Aims: To evaluate the prevalence of visual impairment among school children in Qatar, through a screening protocol based on the WHO guidelines.
Settings and design: A school-based, cross-sectional study.
Methods and material: Children of grades 1, 3, 5, 7 and 9 underwent screening for low vision during the academic year 2019-2020. Visual acuity measurement was performed by well-trained screeners using a Snellen chart at 6 meters with E symbol in which the 6/6 line was the standard for normal vision. Based upon the results of the visual acuity, data of each individual was entered in either of two screening record sheets. Children with impaired visual acuity were referred to a specialist for further assessment and evaluation.
Results: Visual acuity measurement was completed in 48,179 government school children and 51,482 private school children. The rates of abnormal visual acuity among children in private schools (21.34%) were higher than that of government schools (12.24%). More than80% of low vision children have not been diagnosed previously or were not wearing the spectacles during the measurement.

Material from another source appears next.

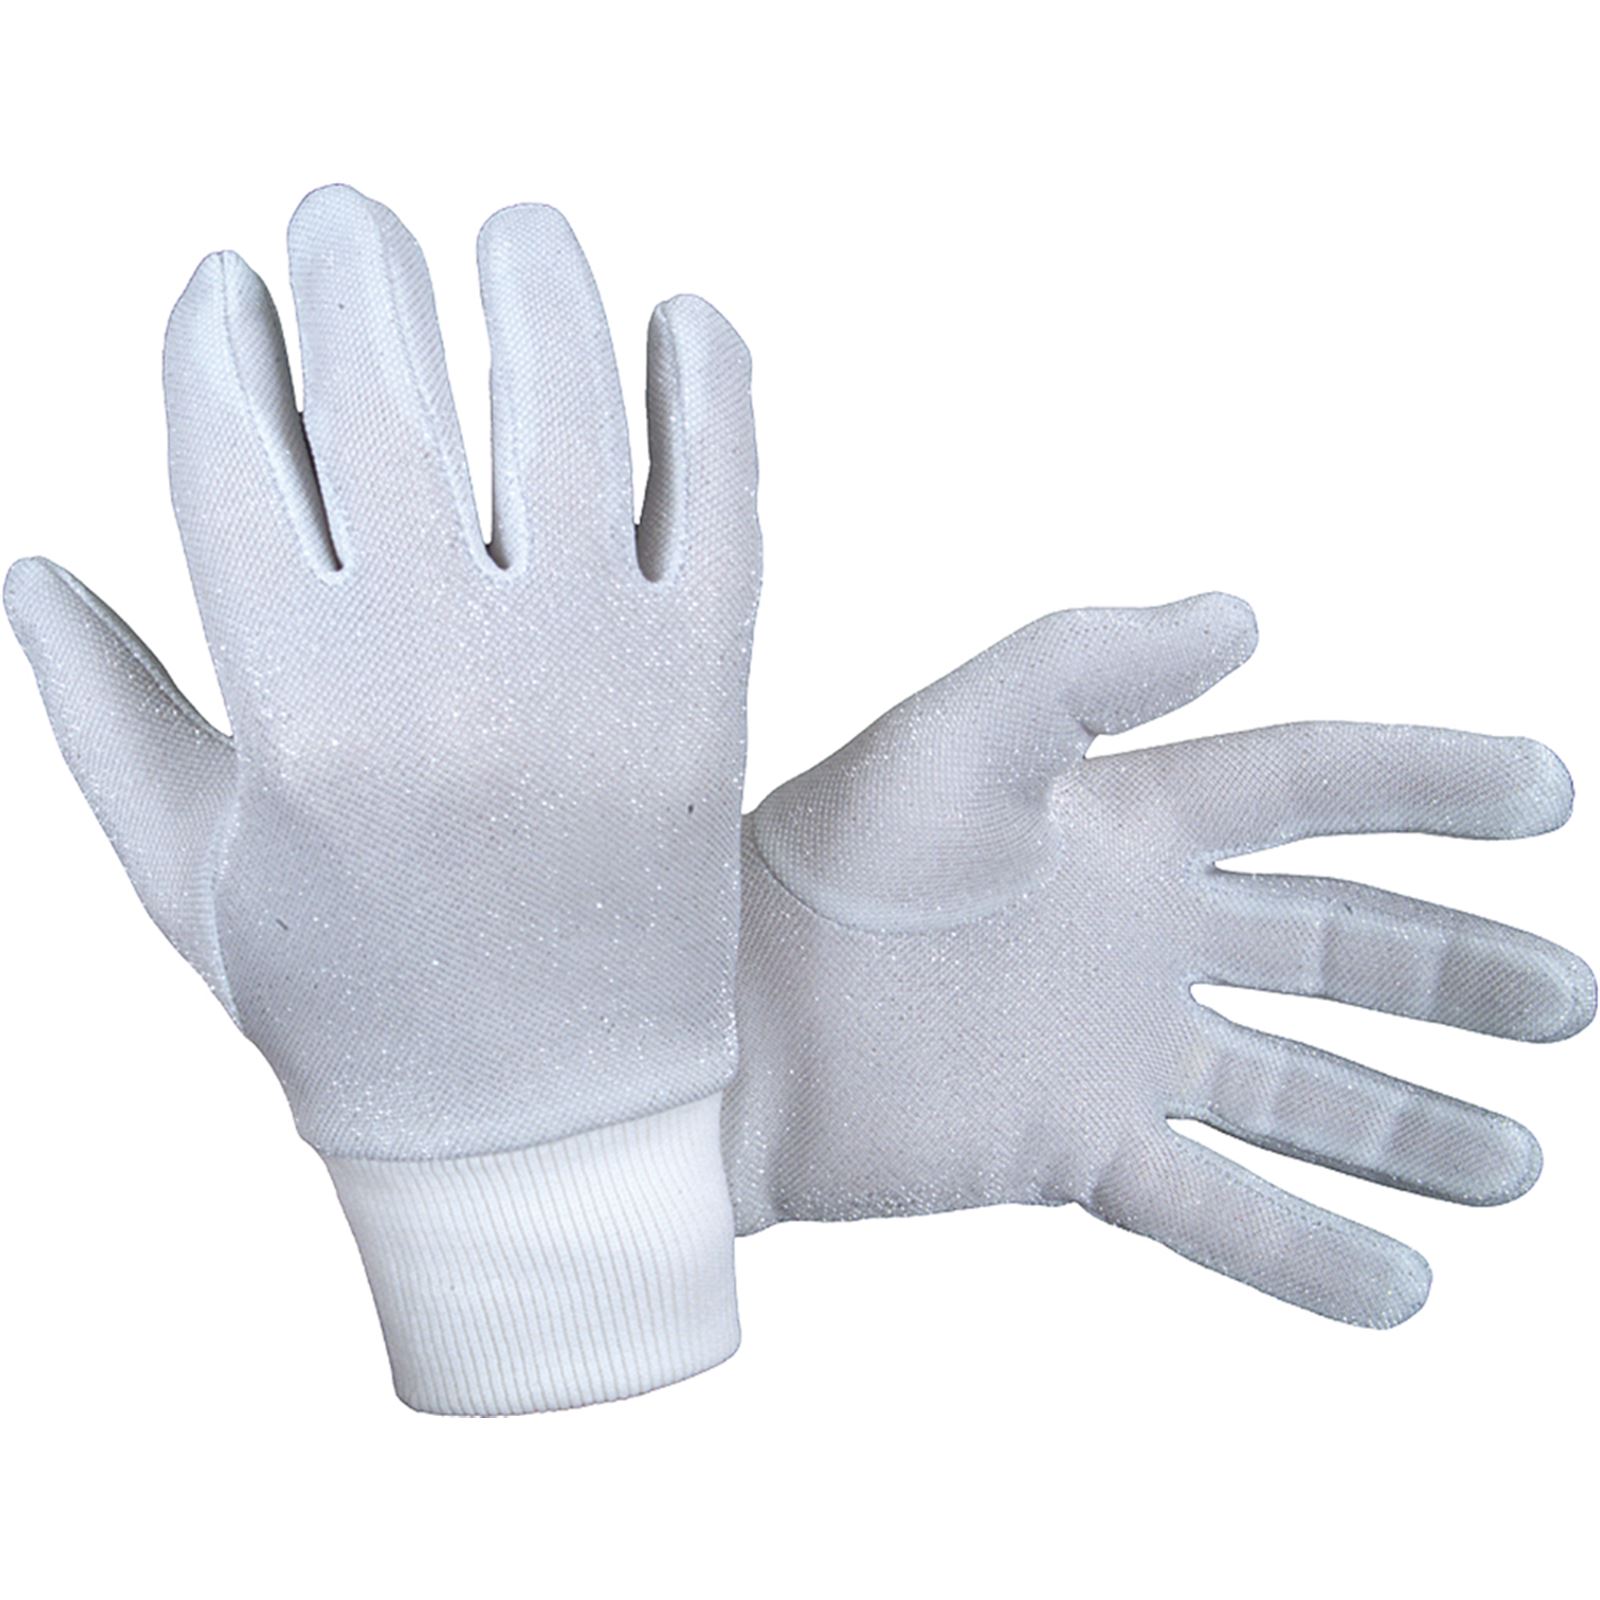 SPI Metallic Glove Liners

Conclusions: Out of 99,661 children, 16,882 (16.94%) were unable to read the smallest letters at six meters, although this screening program has detected the condition of abnormal vision in children, still there is a necessity to determine the possible causes of low vision.
School children, Visual acuity screening, Vision impairment
School health programs have widely adopted vision screening initiative in many countries; according to the World Health Organization (WHO), almost 18.9 million children under 15 years of age are visually impaired globally . There are more than 12 million school going children (5-15 years of age) who are visually impaired due to uncorrected refractive errors [2,3]. Data on prevalence shows myopia to be the commonest cause of visual impairment in this age group, more particularly among children of Asian origin . Qatar Ministry of Public Health (MOPH) conducts an annual vision screening survey in collaboration with the Ministry of Education and Higher Education (MEHE) and Primary Health Care Corporation (PHCC), that aims to detect the magnitude of visual impairment in targeted children (grades 1, 3, 5, 7 and 9) who enroll in government and private schools. This annual survey was implemented based on WHO recommendations; it draws the attention to the low vision and lazy eye conditions in school-age children and aims to early detect such conditions to improve their academic performance and learning ability . Vision screeners (usually school nurses) measured visual acuity (VA) and then referred the low vision children to health centers for further eye examination and informed their parents. The team of blindness prevention program (BPP) at MOPH, coordinates the school vision screening process and conducts periodically workshops to train vision screeners in how to measure visual acuity and to deal with common eye diseases or trauma.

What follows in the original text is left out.